Edgar Hilsenrath – Der Nazi und der Friseur

Zuerst habe ich gedacht: wie schrecklich! Dieses Buch beginnt so abstoßend, das kann ich nur schwer aushalten und nicht weiterlesen.

Aber irgendwie war ich doch auch so gebannt, dass ich nicht aufhören konnte. Und so habe ich es natürlich zu Ende gelesen. Erstens, weil mich das Thema grundsätzlich interessiert, aber auch, weil die Geschichte so angelegt ist, dass sie mich in den Bann gezogen hat.

Worum geht es also? Max Schulz und Itzig Finkelstein werden am gleichen Tag des Jahres 1907 in der gleichen Straße geboren. Max als uneheliches Kind dreier möglicher Väter und einer Dienstmagd, Itzig als Sohn eines renommierten jüdischen Friseurmeisters und dessen Ehefrau. Der eine eher am Rande der Gesellschaft, der andere also in gesicherten Verhältnissen.

Beide wachsen trotz ihrer unterschiedlichen Herkunft als beste Freunde auf, gehen gemeinsam zur Schule und verbringen viel Freizeit miteinander. Max lernt als Nichtjude somit das jüdische Familienleben in und auswendig kennen. Er genießt auch die Vorzüge des stabilen Umfeldes der Finkelsteins und absolviert schließlich sogar seine Friseurlehre nicht im heruntergekommenen Friseurgeschäft seines Stiefvaters, sondern im Salon von Itzigs Vater.

So weit so gut, wobei die schockierenden Ausführungen über den sexuellen Missbrauch und die Gewalt, die Max durch seinen Stiefvater erfährt, mir sehr unerträglich waren.

Nun kommen also die Nazis an die Macht und Max schließt sich ihnen an, arrangiert sich auch mit den Judenhass-Parolen, vollführt also eine 180-Grad-Wende in seinem Leben und legt im Rahmen seiner Möglichkeiten eine Karriere im NS-Staat hin. Er landet als Angehöriger der SS als Aufseher in einem Konzentrationslager und wird dort der Familie Finkelstein begegnen und an deren Ermordung beteiligt sein.

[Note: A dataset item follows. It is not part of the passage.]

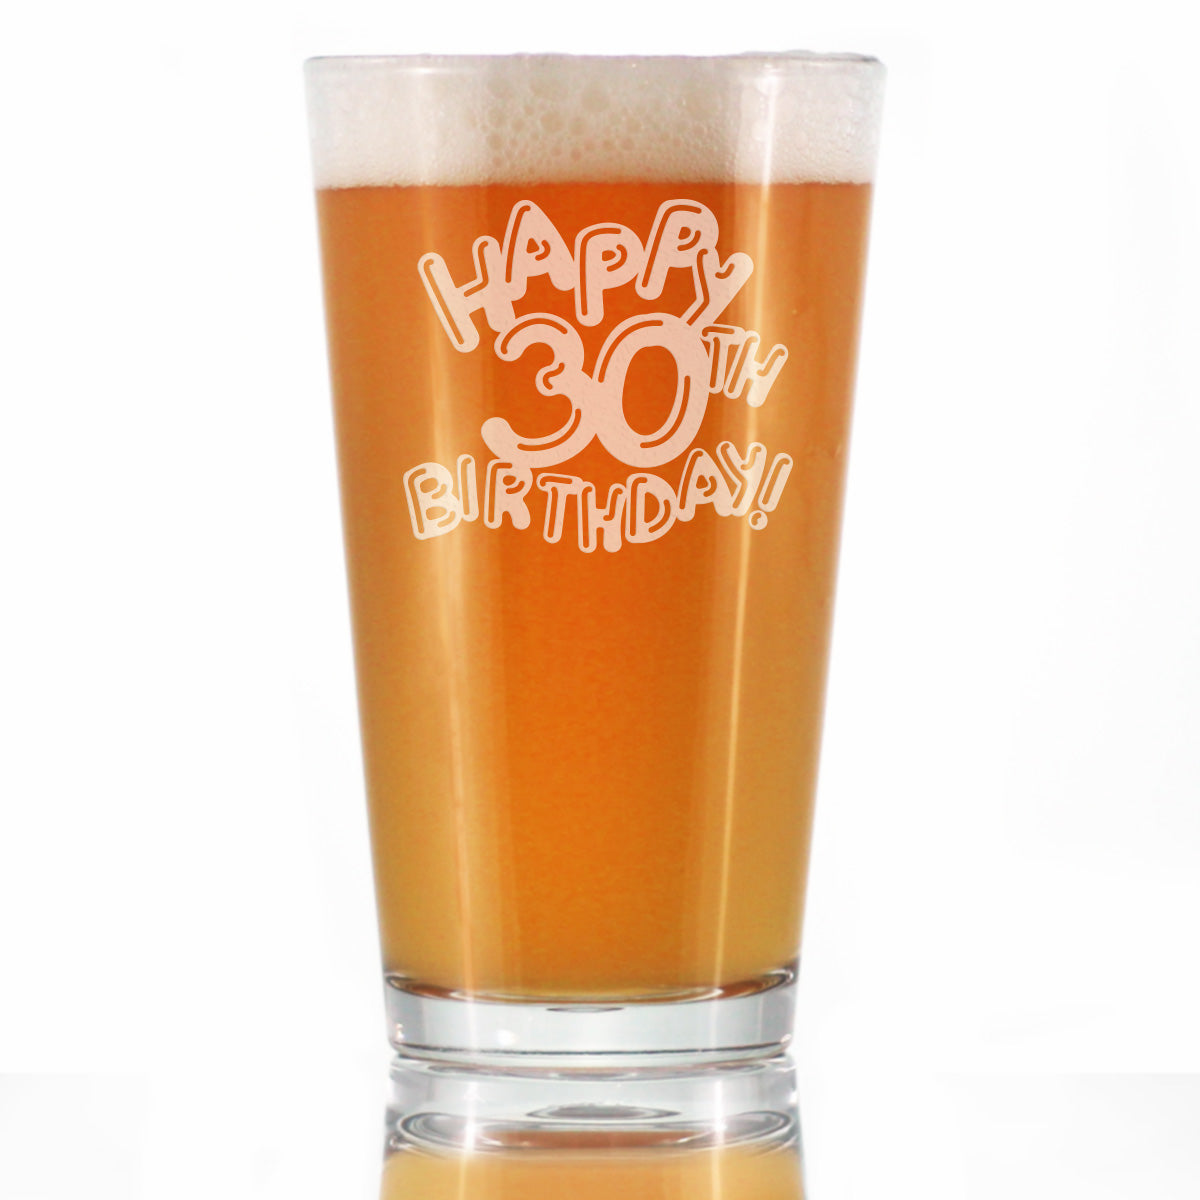 Happy 30th Birthday Balloons - Pint Glass for Beer - Gifts for Women &amp; Men Turning 30 - Fun Bday Party Decor - 16 Oz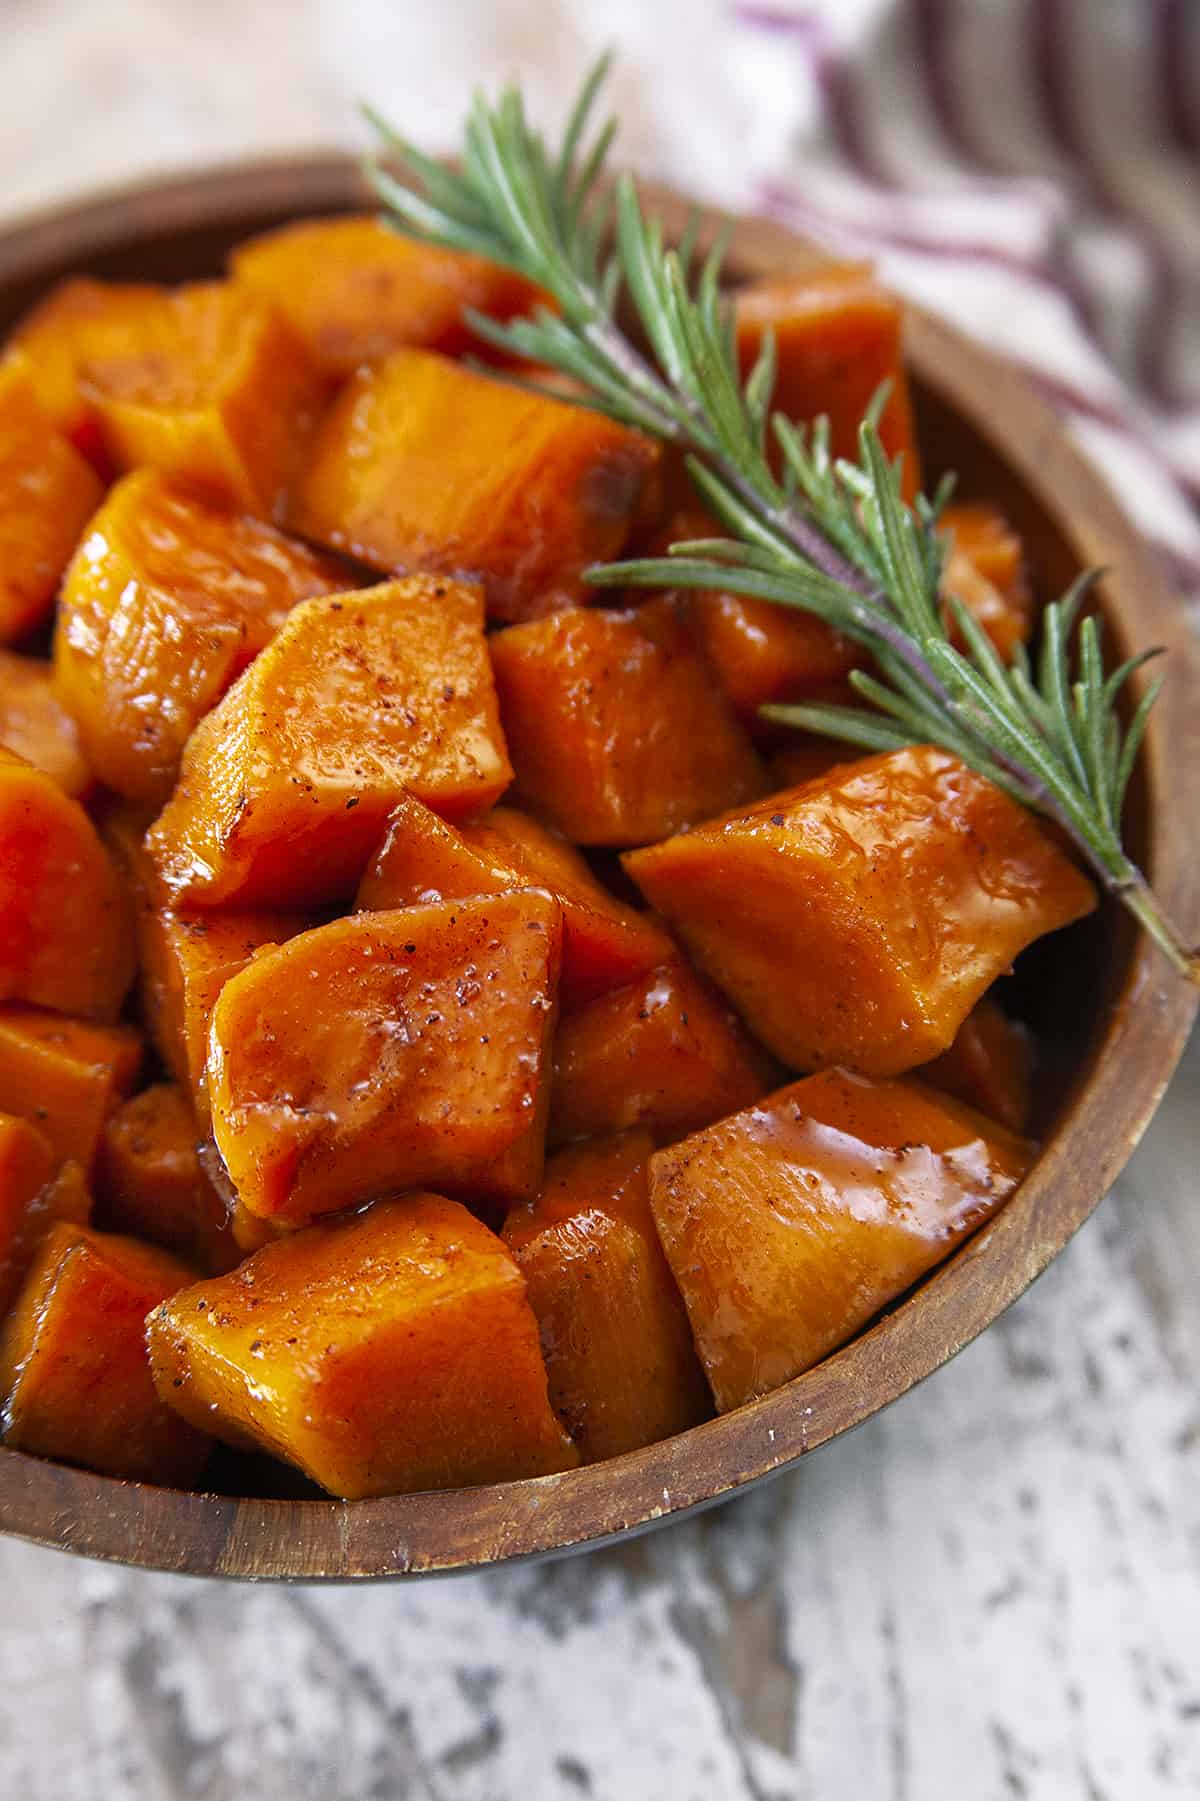 Candied yams with a sprig of rosemary in a wooden bowl.

Bei Kriegsende überlebt er nur knapp beim Truppen-Rückzug als einer von zwei SS-Angehörigen in den polnischen Wäldern einen gegnerischen Angriff und rettet sich zu einer alten Frau in eine kleine Kate. Dort wartet er die Kampfhandlungen der letzten Kriegsmonate ab und kehrt schließlich, nachdem er auch diese Frau ermordet hat, nach Deutschland zurück. Um im Nachkriegsdeutschland der Strafverfolgung zu entgehen, nimmt er die Identität des ermordeten Itzig an, wandert schließlich nach Israel aus. In seinen Augen wertet Max es so: „Ich war kein Antisemit. Ich bin nie einer gewesen. Ich habe bloß mitgemacht.“ Die Schuldfrage verfolgt ihn dennoch bis an sein Lebensende.

Dies ist ein besonderes und wirklich großes Buch!

Hier wird mit dem Thema Holocaust auf eine bitterböse, satirische Weise umgegangen, die deshalb so schwer erträglich ist, weil es eben keine klare Schuldzuweisung gibt. Genauso wenig gibt es am Ende eine tatsächliche Läuterung. Und genau das lässt diesen Titel so nachhaltig wirken: man stellt sich unweigerlich die Frage nach der eigenen Fähigkeit Schuld auf sich zu laden.

Edgar Hilsenrath, selber Überlebender des Holocaust, hat dieses Buch bereits 1975 in deutscher Sprache verfasst und ins Englische übersetzt in New York veröffentlicht. Zu einem Zeitpunkt, als ein derartiger Umgang mit dem Thema in der Bundesrepublik Deutschland noch gänzlich tabu war. Deshalb wollte auch zunächst kein deutscher Verlag diesen Titel veröffentlichen. Erst zwei Jahre nach der Erstveröffentlichung erschien der Titel dann endlich auch in Deutschland, in dem kleinen Kölner Verlag Helmut Braun.

Von mir gibt es hierfür eine unbedingte Leseempfehlung!